Once Cartago and Alajuela are completed, Carabaguiaz said the INCOFER will start to work on train service to Puntarenas on the Pacific coast and Limón on the Caribbean side.

History
Geographically, Costa Rica in the west it reaches the Pacific ocean, and in the east the Caribbean ocean. Therefore it was logical that the railway be connected with these oceans.

In 1871, a contract was given for construction of a railroad from Alajuela to Puerto Limón on the Caribbean coast passing through San José, under the government of General Tomás Guardia Gutiérrez. The construction from Alajuela to San José was finished in the beginning of 1873 and later continued until Cartago.

Necessary materials and equipment were brought in from Puntarenas to Alajuela by oxen pulled carts. Due to shortage of finance and natural difficulties (especially around Río Sucio), the completion of the following sections was delayed. The whole line to Limón started operations on December 7, 1890.

A contract for building the Pacific railroad was signed in 1897. Again, the enterprise faced natural, financial, and political difficulties. The Pacific Railroad was officially inaugurated on July 23, 1910 when the first engine Maria Cecilia departed from Puntarenas to San José with passengers and cargo. (from Tico Train history)

According to Encyclopædia Britannica 1911, the transcontinental railway from Limon to Puntarenas was begun in 1871, and formed the nucleus of a system intended ultimately to connect all the fertile parts of the country, and to join the railways of Nicaragua and Panama.

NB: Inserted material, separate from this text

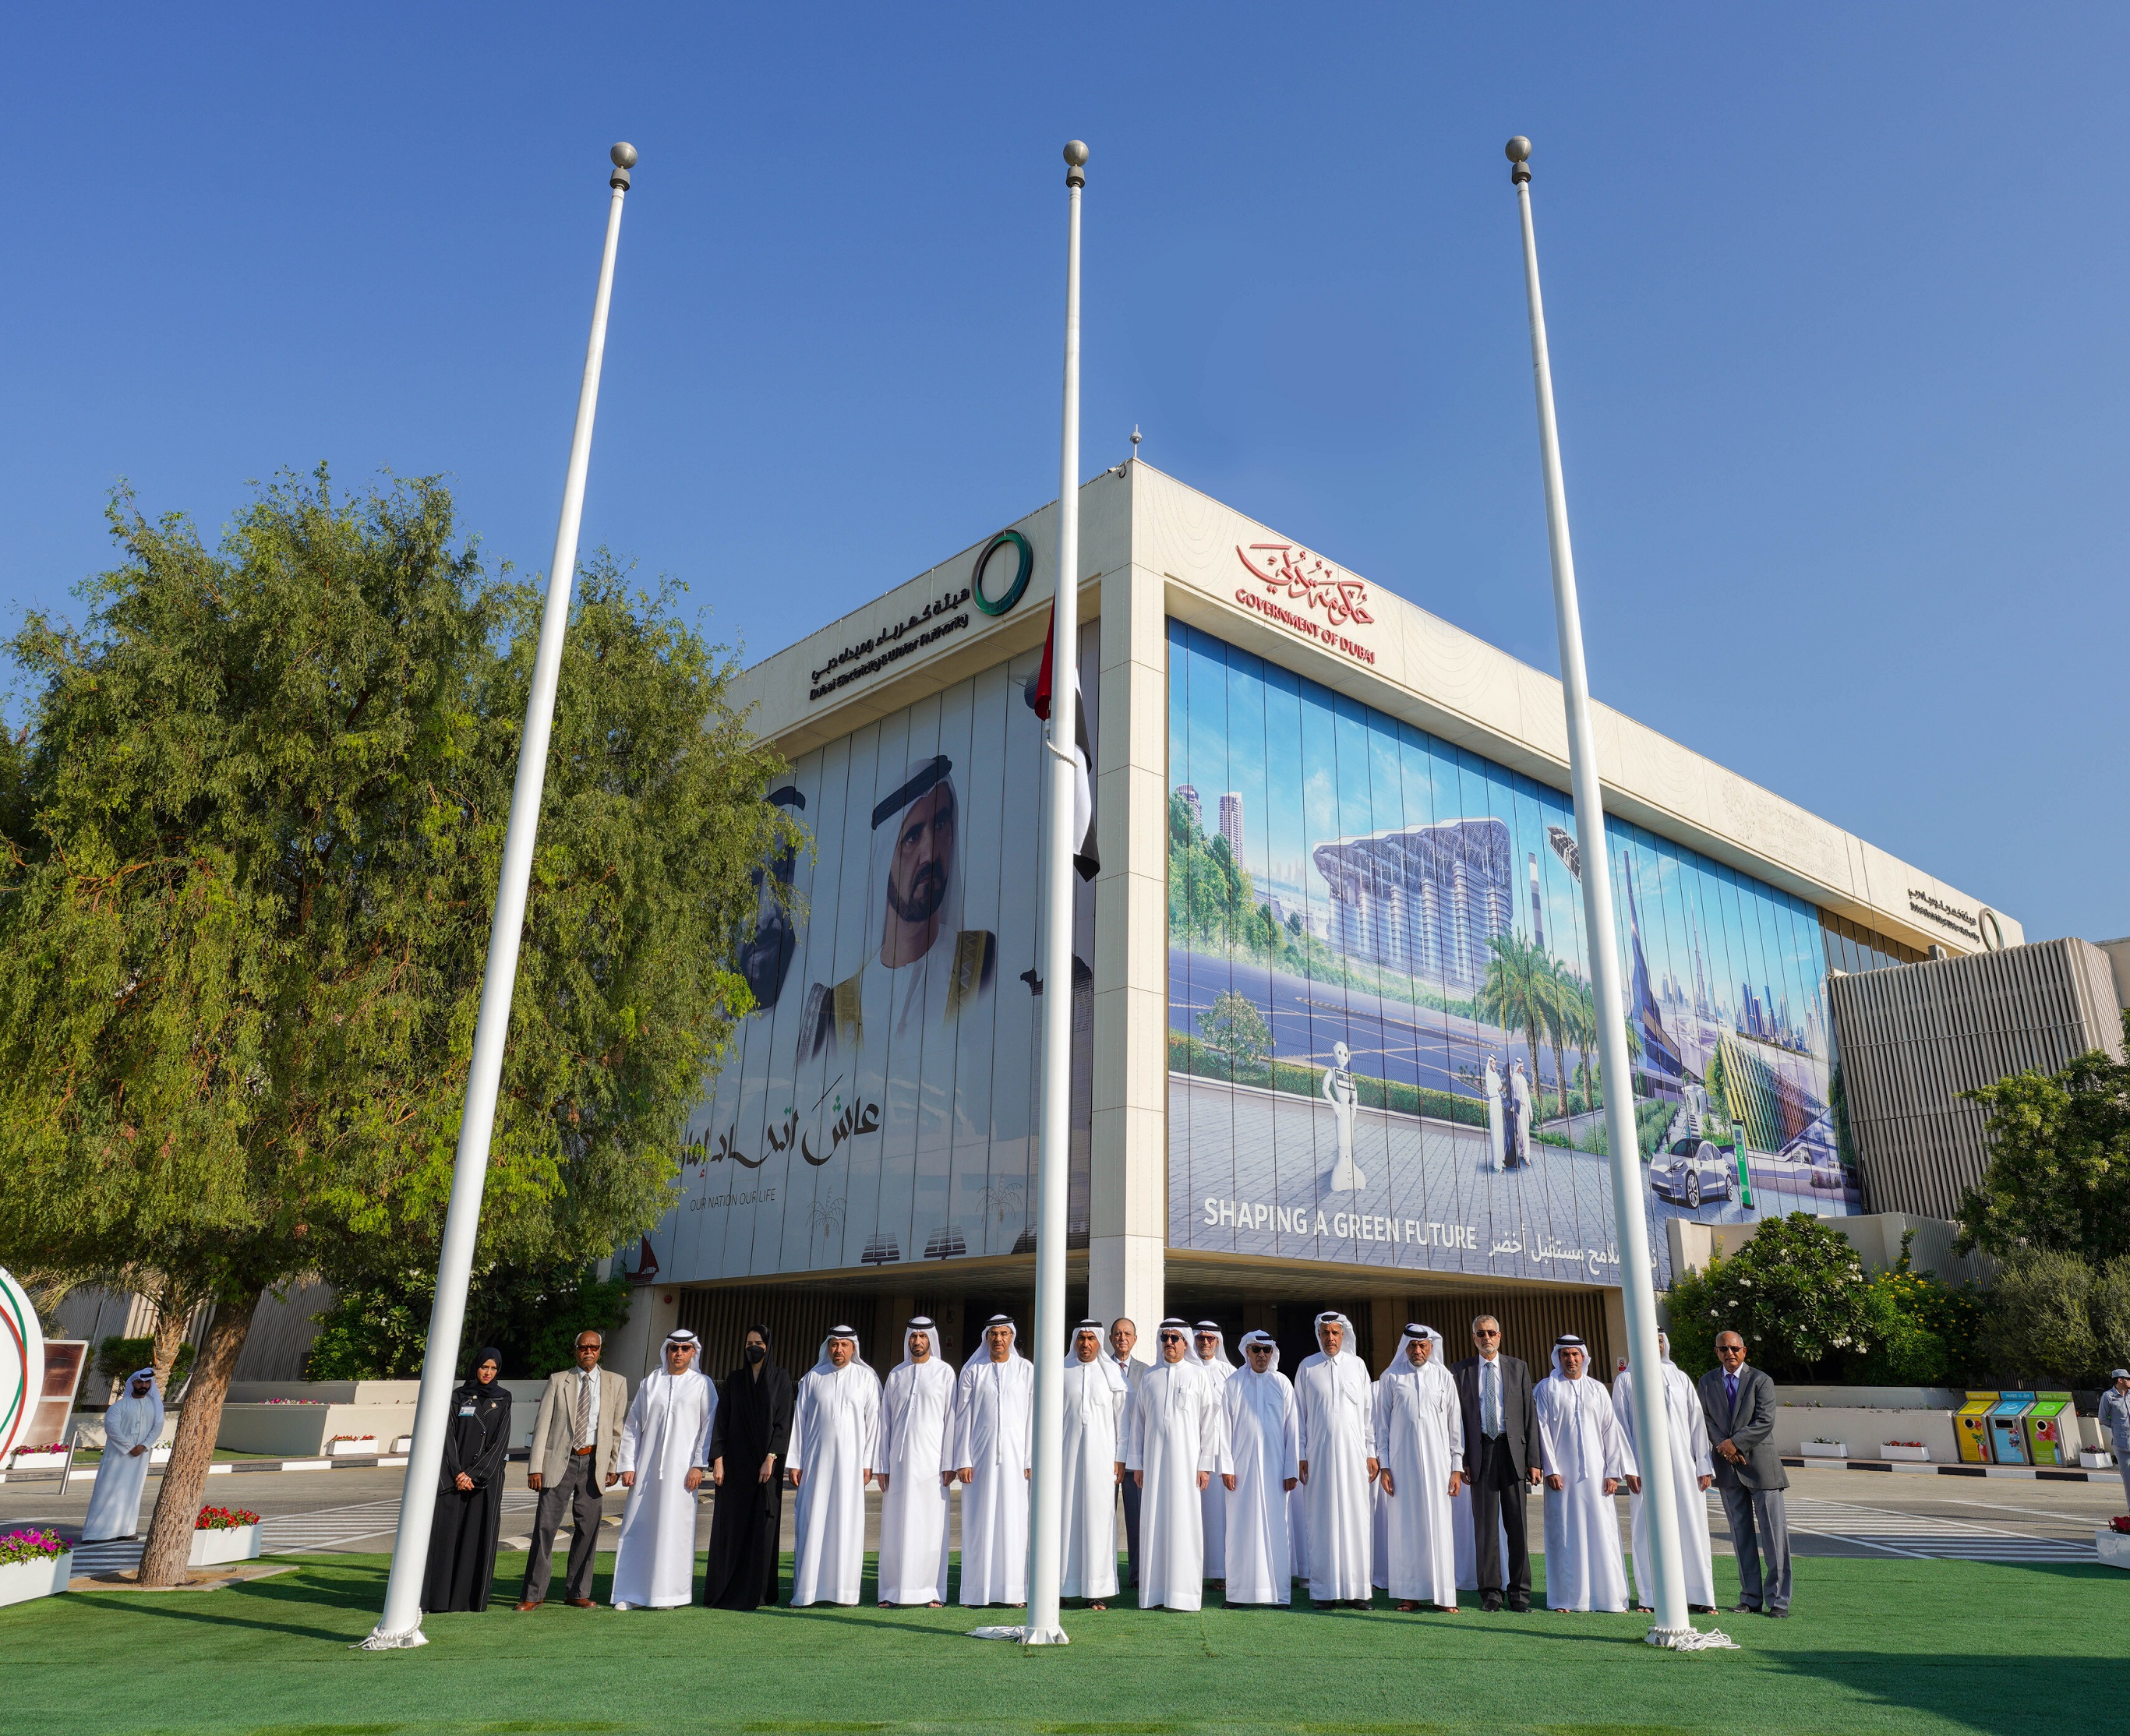 DEWA’s employees, officials mark Commemoration Day, acknowledge the martyrs’ sacrifices as a beacon for patriotism and belonging

It skirted the Atlantic coast as far as the small port of Matina; thence it passed inland to Reventazón River, and bifurcated to cross the northern mountains; one branch going north of Irazú, while the other traversed the Ochomogo Pass. At San José these lines reunited, and the railway continued to Alajuela, the small Pacific port of Tivives, and Puntarenas. The railways were owned partly by the state, partly by the Costa Rica railway company, which, in 1904, arranged to build several branch lines through the banana districts of the Atlantic littoral.

In 1926, a decision was made to electrify the lines. First electric train ran from San José to Puntarenas on April 8, 1930.
The railroad network was damaged during an earthquake in 1991 and operation suspended in 1995. Since 2000, the state railroad authority (INCOFER) has been working to resume and popularize rail transport again.